- Collected material

*** Block opens ***

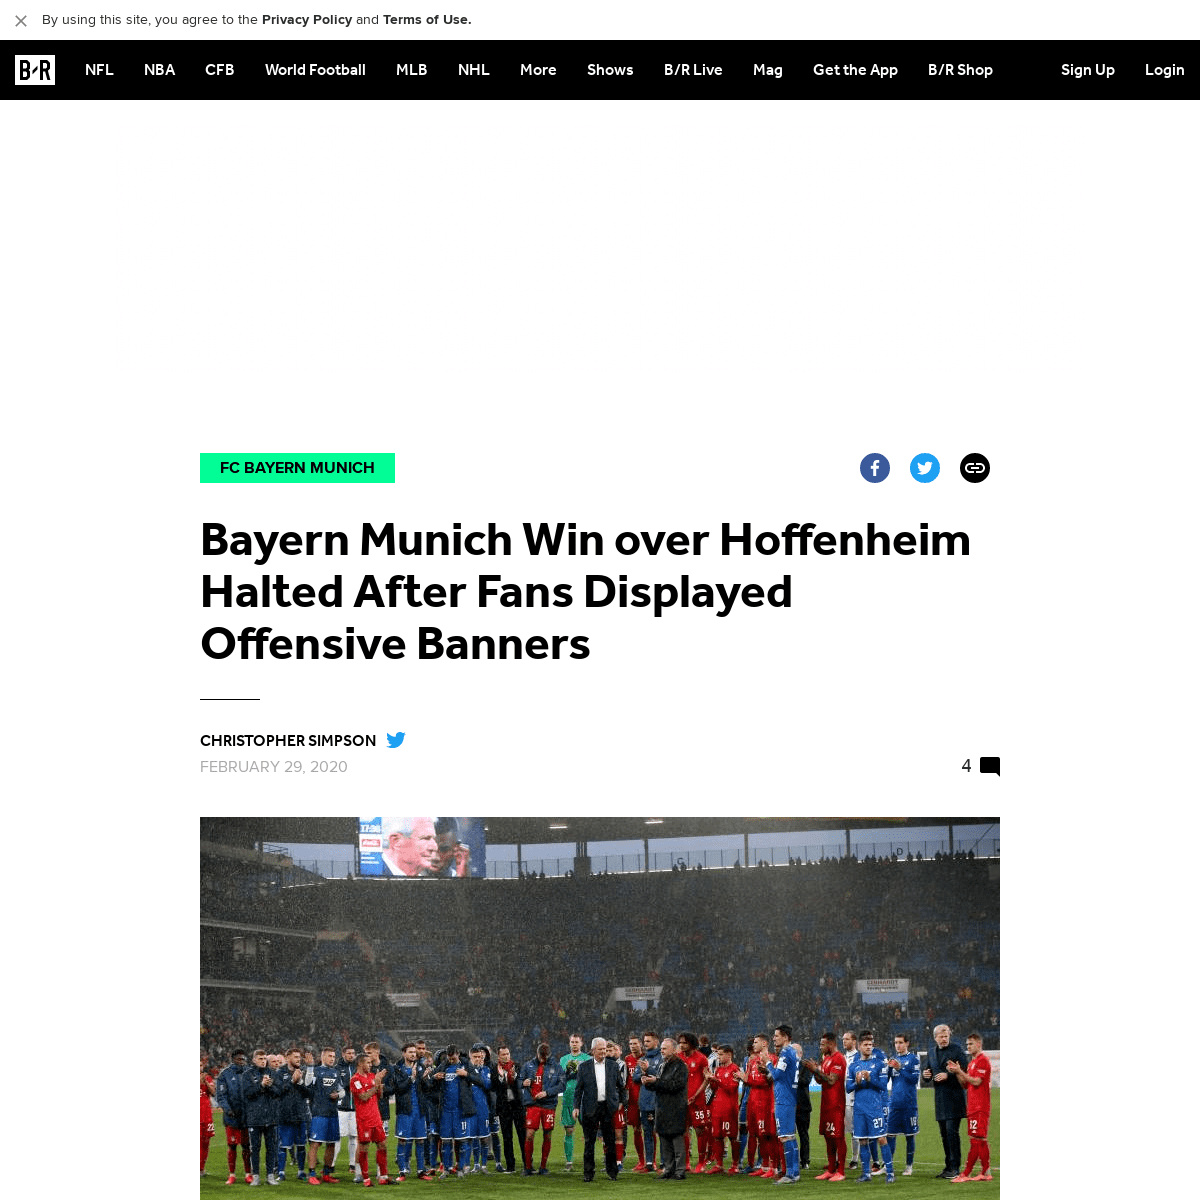 A complete backup of bleacherreport.com/articles/2878555-bayern-munich-win-over-hoffenheim-halted-after-fans-displayed-offensive
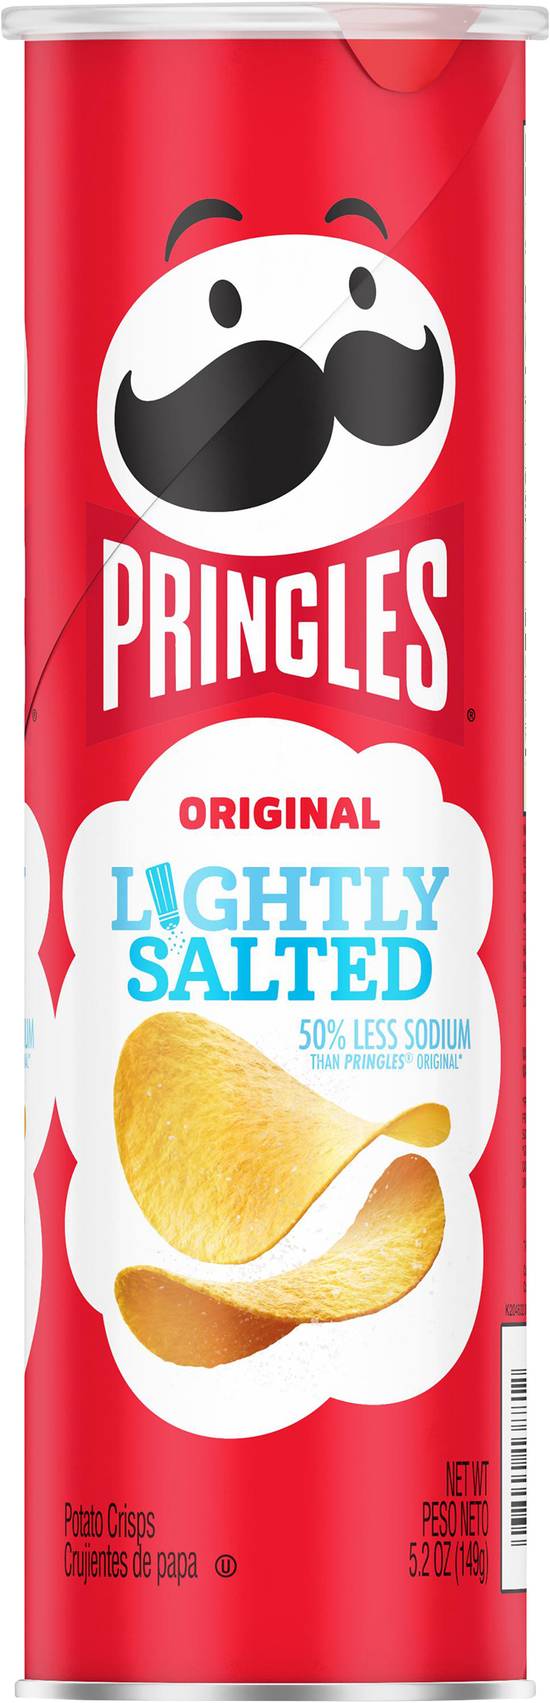 Pringles Original Lightly Salted Potato Crisps
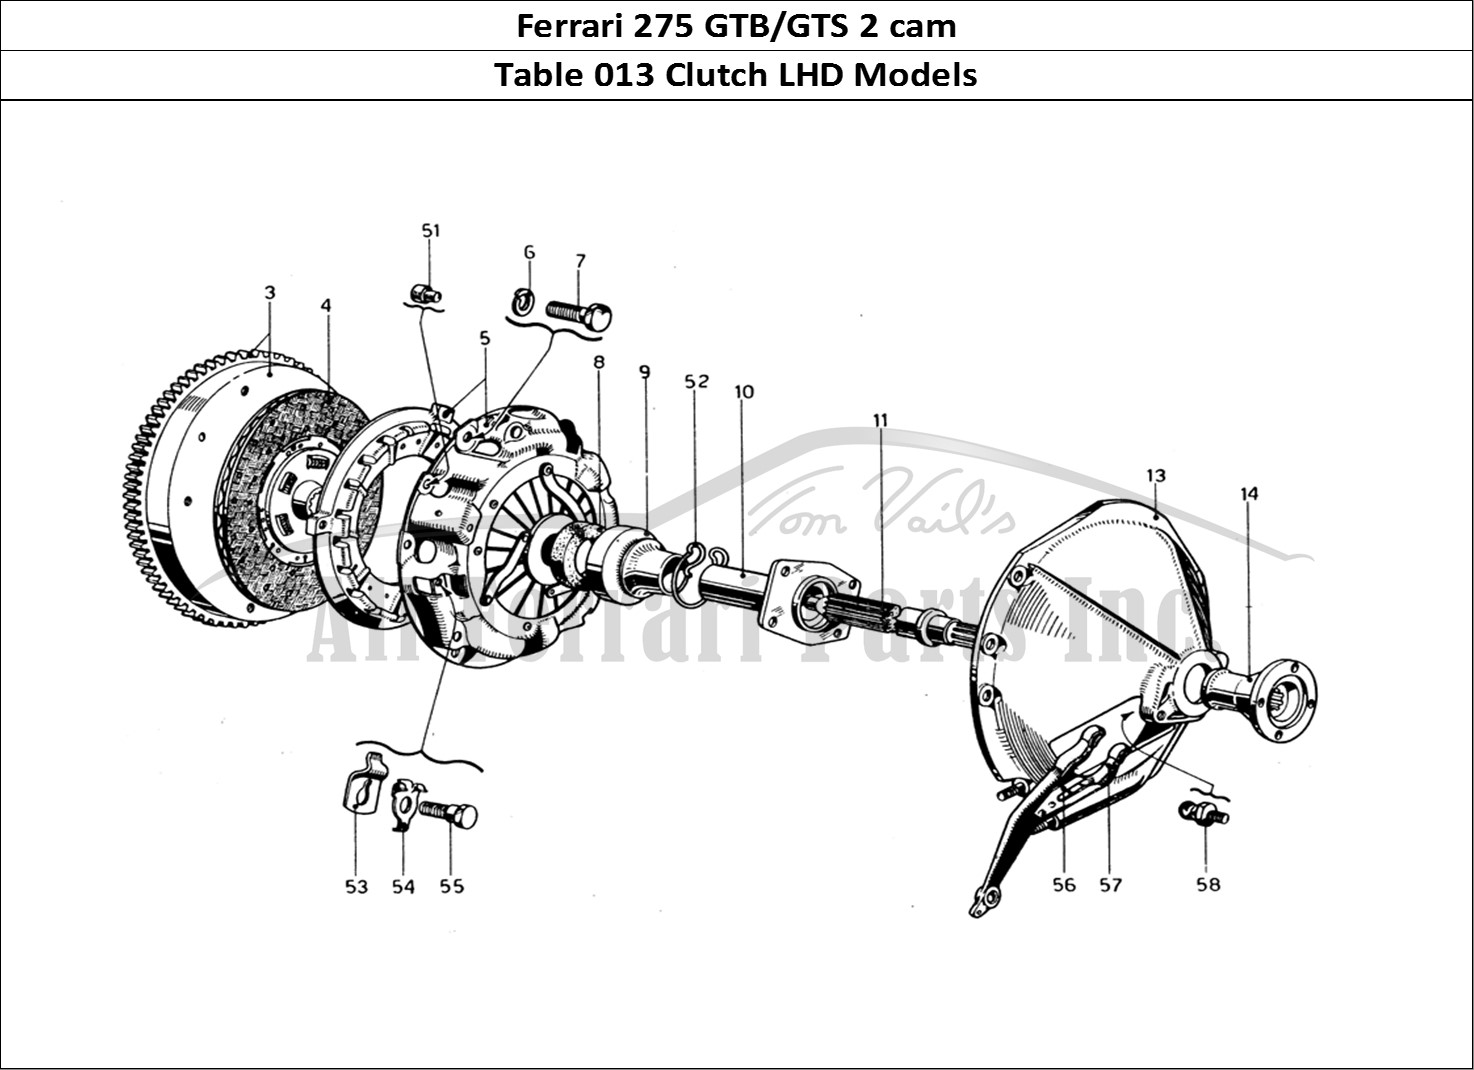 Ferrari Parts Ferrari 275 GTB/GTS 2 cam Page 013 Clutch - Left Hand Drive
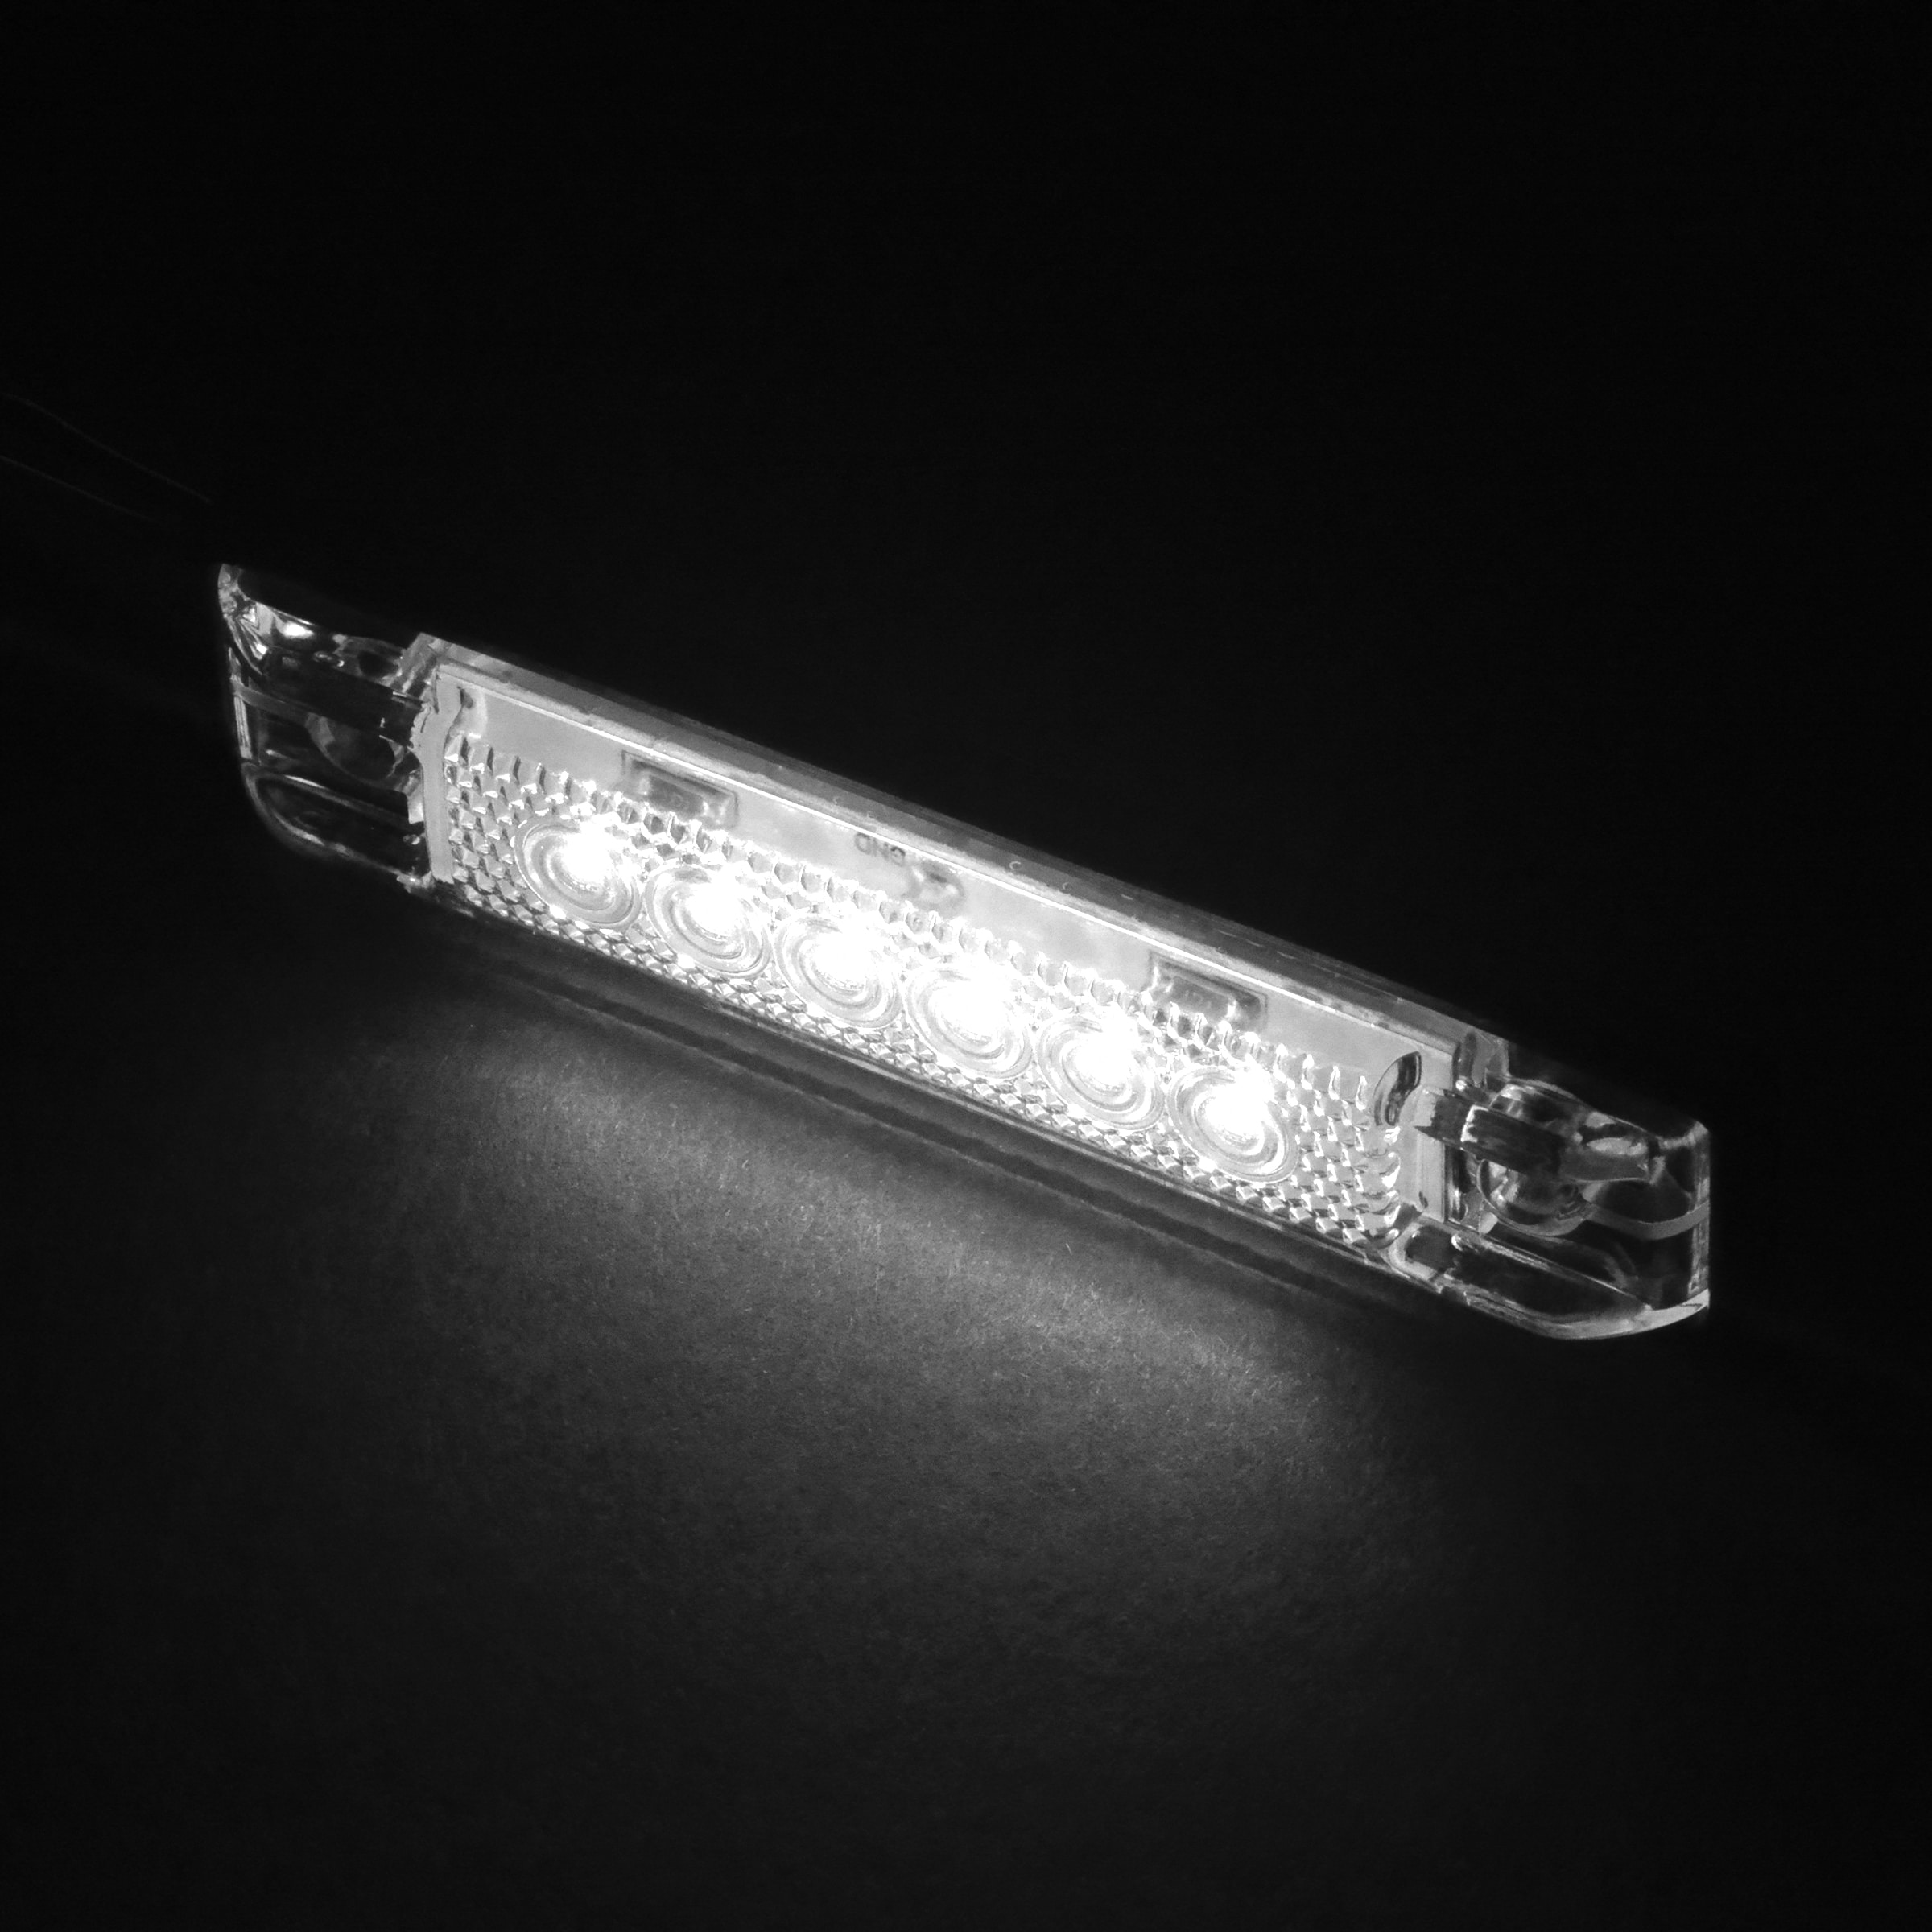 LED Snap Flex Stern Light - T-H Marine Supplies

*** Block closes ***

- Task
Please reproduce the whole listing exactly; the pictures stay out.

- Solved exercise
 A complete backup of bleacherreport.com/articles/2878555-bayern-munich-win-over-hoffenheim-halted-after-fans-displayed-offensive
 Pringles Original Lightly Salted Potato Crisps
 Ferrari Parts Ferrari 275 GTB/GTS 2 cam Page 013 Clutch - Left Hand Drive
 LED Snap Flex Stern Light - T-H Marine Supplies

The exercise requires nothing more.